I seem to recall another possible solution for this, but I'll need to look around a bit for it.


----------



## Couriant (Mar 26, 2002)

make sure that your sound is working with a different program too


----------



## mazengd (Jun 21, 2007)

thank you pals for taking time to answer my question.
by the way the "cdaudi.wad" is the only file in the audio directory, and it's only 7.34 mb !!
is this right ? I downloaded the patch, from eidos; Currently i'm looking for audio files on the internet. because eidos said that you must copy them to the audio folder. bye !


----------



## RT (Aug 20, 2000)

All the audio is accessed from the CDAUDIO.WAD file. You can copy this file from the installation disk to your hard drive.
Actually the purpose of this is have faster access to the file so the CD doesn't have to spin up, so I'm not so sure it will fix your problem.
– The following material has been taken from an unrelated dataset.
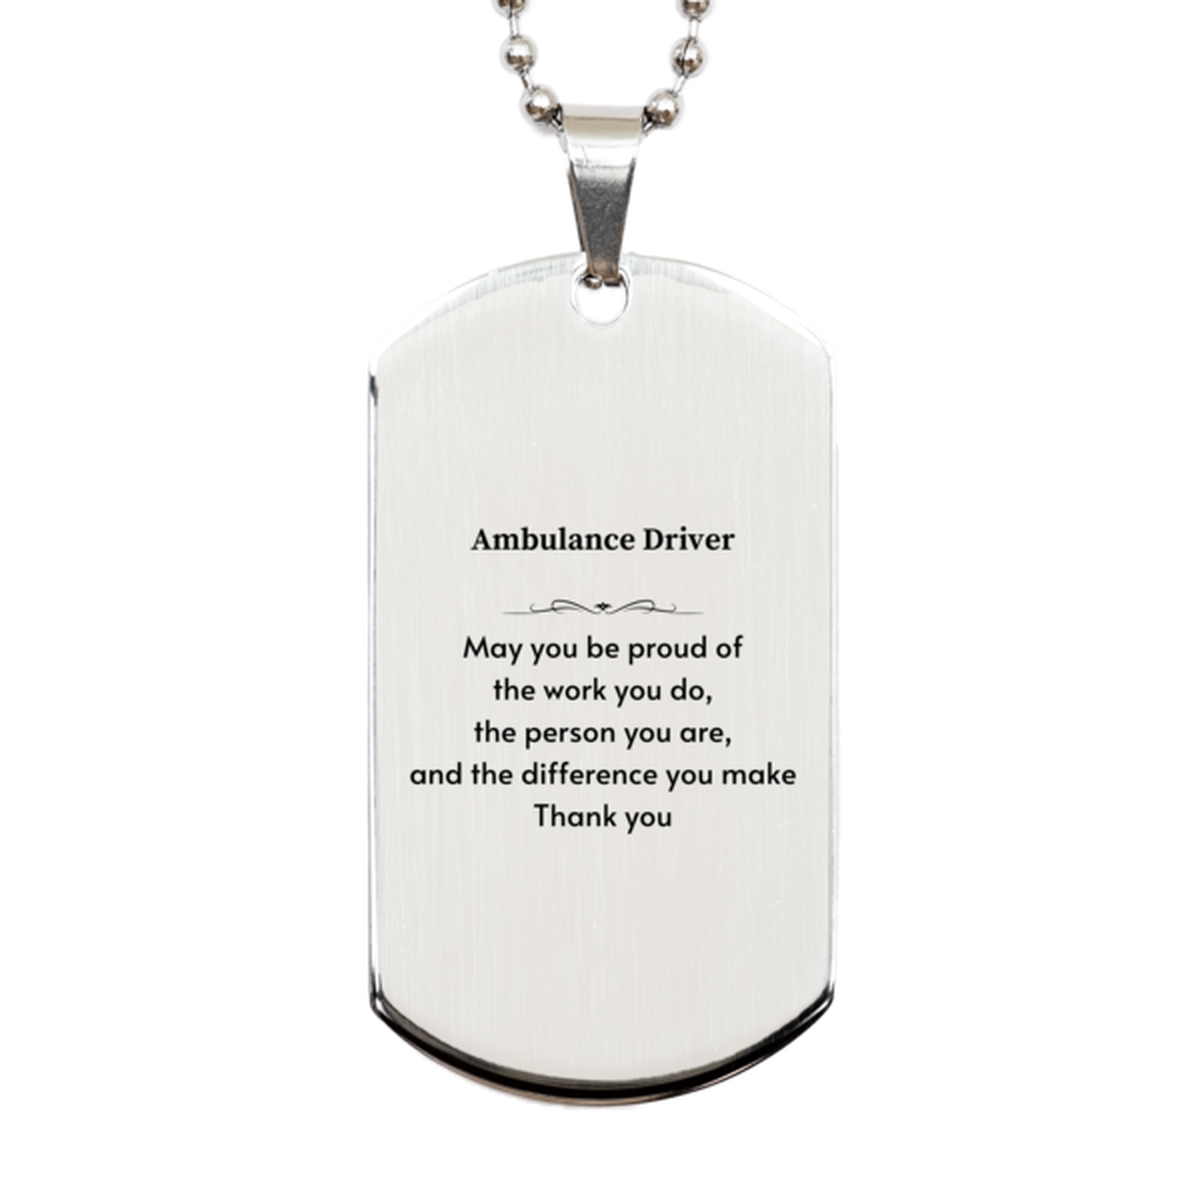 Heartwarming Silver Dog Tag Retirement Coworkers Gifts for Ambulance Driver, Ambulance Driver May You be proud of the work you do, the person you are Gifts for Boss Men Women Friends

I think you might have better luck using the Multi Patch developed by the folks at tombraiderchronicles.com. It's not official, but Eidos recommends it.

You can get it HERE
Be sure to choose the one named Tomb Raider Multi Patch (new) for XP/Vista. 
This should configure all aspects of the install properly.


----------



## mazengd (Jun 21, 2007)

thanks folks,

It seems that this cd I have is unofficial ! damn it  
anyway, II'll buy the standalone Tomb Raider 3 (I should've done that at the first time)  

thanks one more time for helping me


----------



## Couriant (Mar 26, 2002)

'unofficial'? lol


----------